I want to implement a web service with streaming output using FastAPI. During the pressure test, it is found that for the same request, not the same thread is executed all the time. As a result, some intermediate variables stored in threadlocal are disordered. I have implemented a demo and pressure-tested it. May I ask why doesn't the stream return the same thread for the same request?
import logging
import threading
import time
import uvicorn
from fastapi import FastAPI
from sse_starlette import EventSourceResponse
app = FastAPI()
@app.get("/")
def stream_output():
logging.warning(f"{threading.current_thread().ident}")

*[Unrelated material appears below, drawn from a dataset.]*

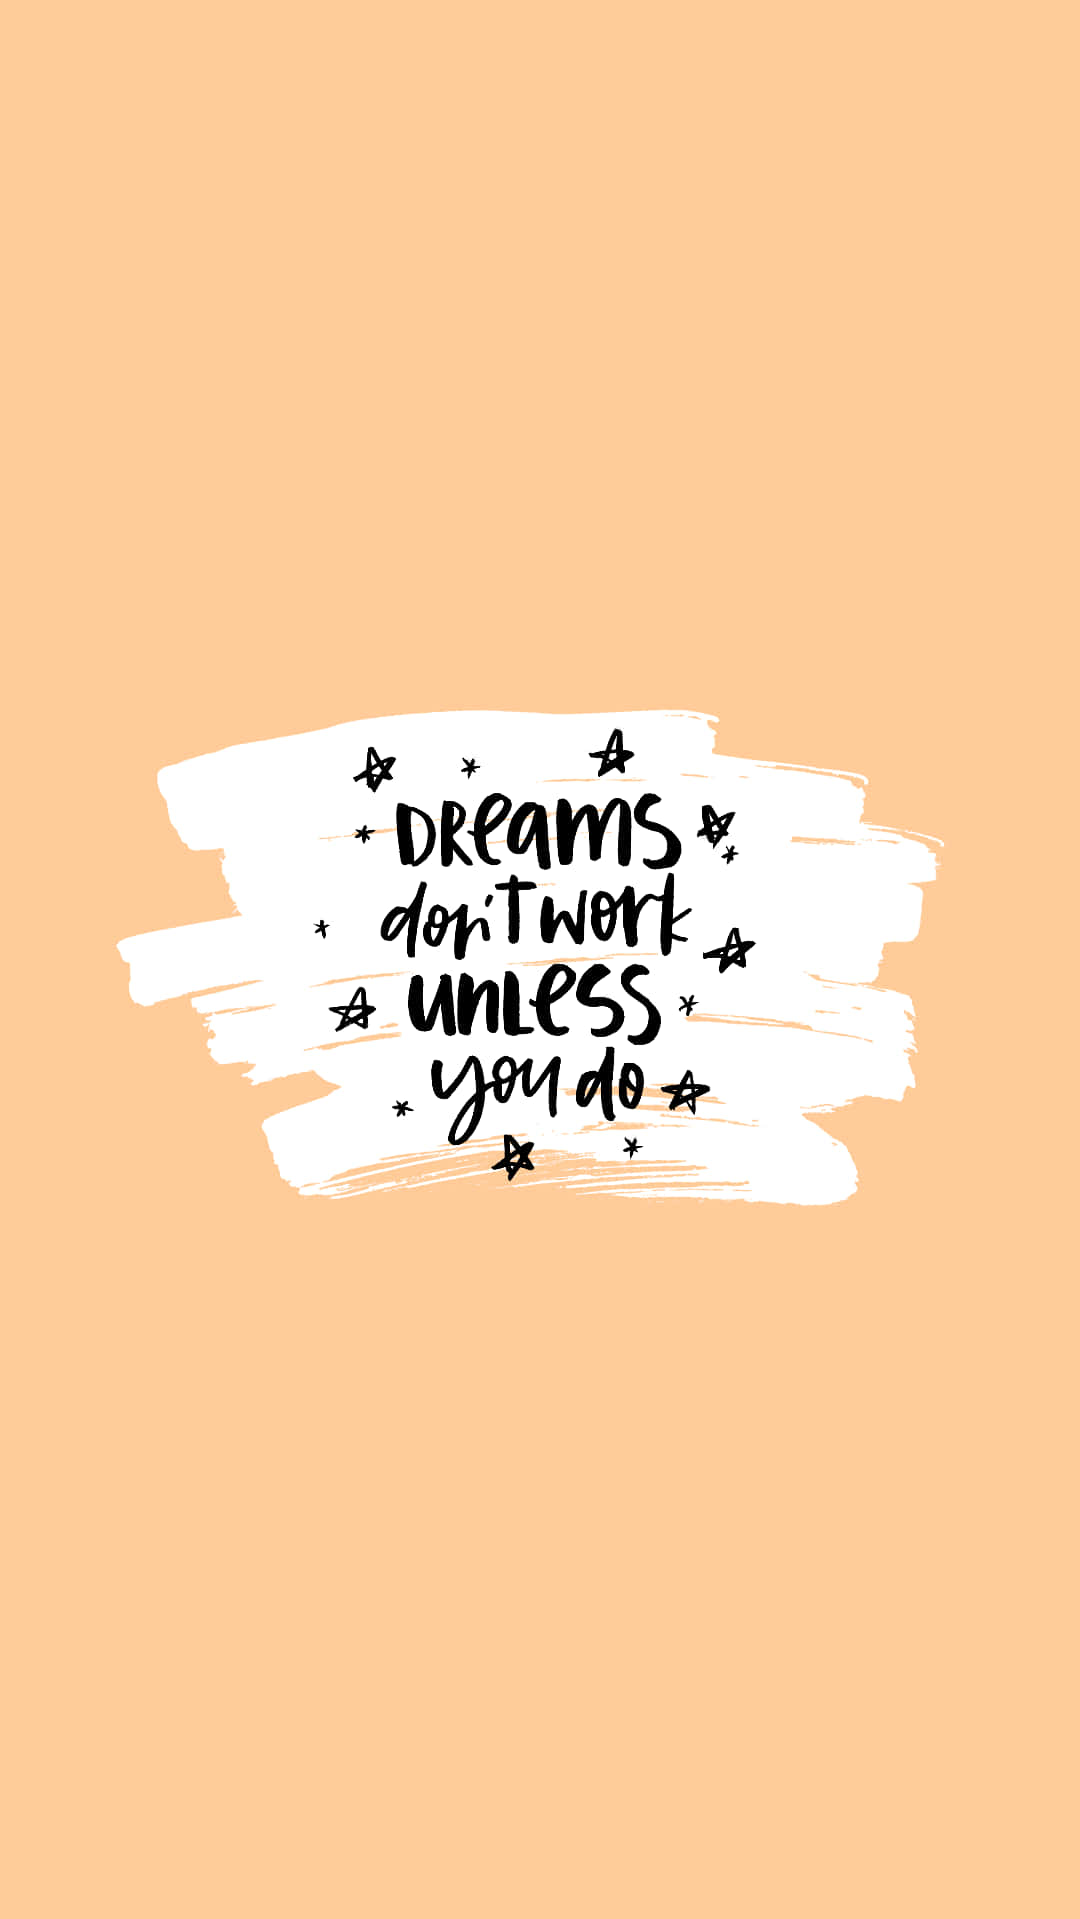 Dreams Don't Work Quotes Tumblr
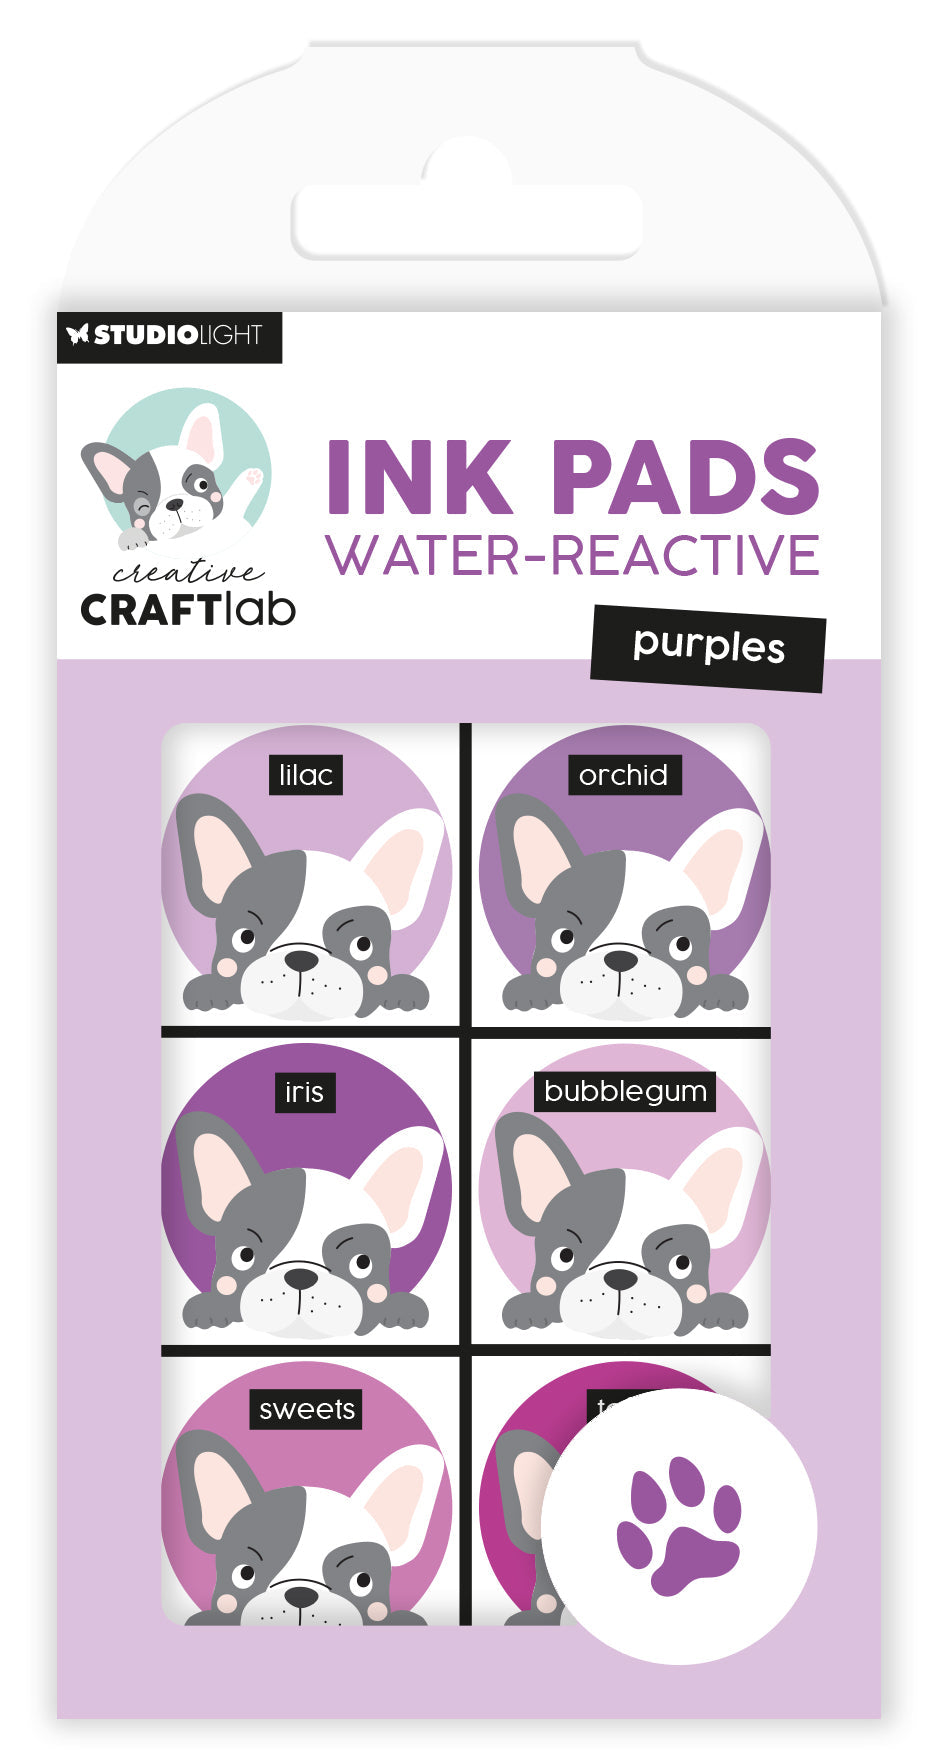 CCL Ink Pads Water-Reactive Purples Essentials 120x70x16mm 6 PC nr.20

return EventSourceResponse(num_generator(10), headers={"thread": str(threading.current_thread().ident)})
def num_generator(n):
for i in range(n):
logging.warning(f"{threading.currentThread().ident}: %s" % i)
time.sleep(2)
yield f"thread: {threading.current_thread().ident} num: {i}"
logging.warning(f"{threading.current_thread().ident}: end")
if __name__ == "__main__":
uvicorn.run(app, host='localhost', port=8000)
Pressure test result:
result of one of the requests:
data: thread: 39404 num: 0
data: thread: 39404 num: 1
data: thread: 57624 num: 2
data: thread: 39404 num: 3
data: thread: 52536 num: 4
data: thread: 39404 num: 5
data: thread: 52536 num: 6
data: thread: 39404 num: 7
data: thread: 39404 num: 8
data: thread: 52536 num: 9
I expect same thread for the same request
data: thread: 56052 num: 0
data: thread: 56052 num: 1
data: thread: 56052 num: 2
data: thread: 56052 num: 3
data: thread: 56052 num: 4
data: thread: 56052 num: 5
data: thread: 56052 num: 6
data: thread: 56052 num: 7
data: thread: 56052 num: 8
data: thread: 56052 num: 9
The answer you are looking for should be found, in part, in the source code of the third-party library you are using to send Server Sent Events (SSE); more specifically, in the implementation of the EventSourceResponse
class, which you seem to be returning from the /
endpoint.
Similarly to the official FastAPI/Starlette's StreamingResponse
—please have a look at this answer and this answer for more details and explanation—the reason for the various threads appearing in the logs is that when you pass a synchronous generator to EventSourceResponse
(i.e., a normal def
function instead of async def
), such as the num_generator()
funciton in your example, EventSourceResponse
will execute the def
function in a separate thread from an external threadpool and then await
it, using Starlette's iterate_in_threadpool()
(see the relevant implementation of EventSourceResponse
).
Again, please take a look at the linked answers above for more details.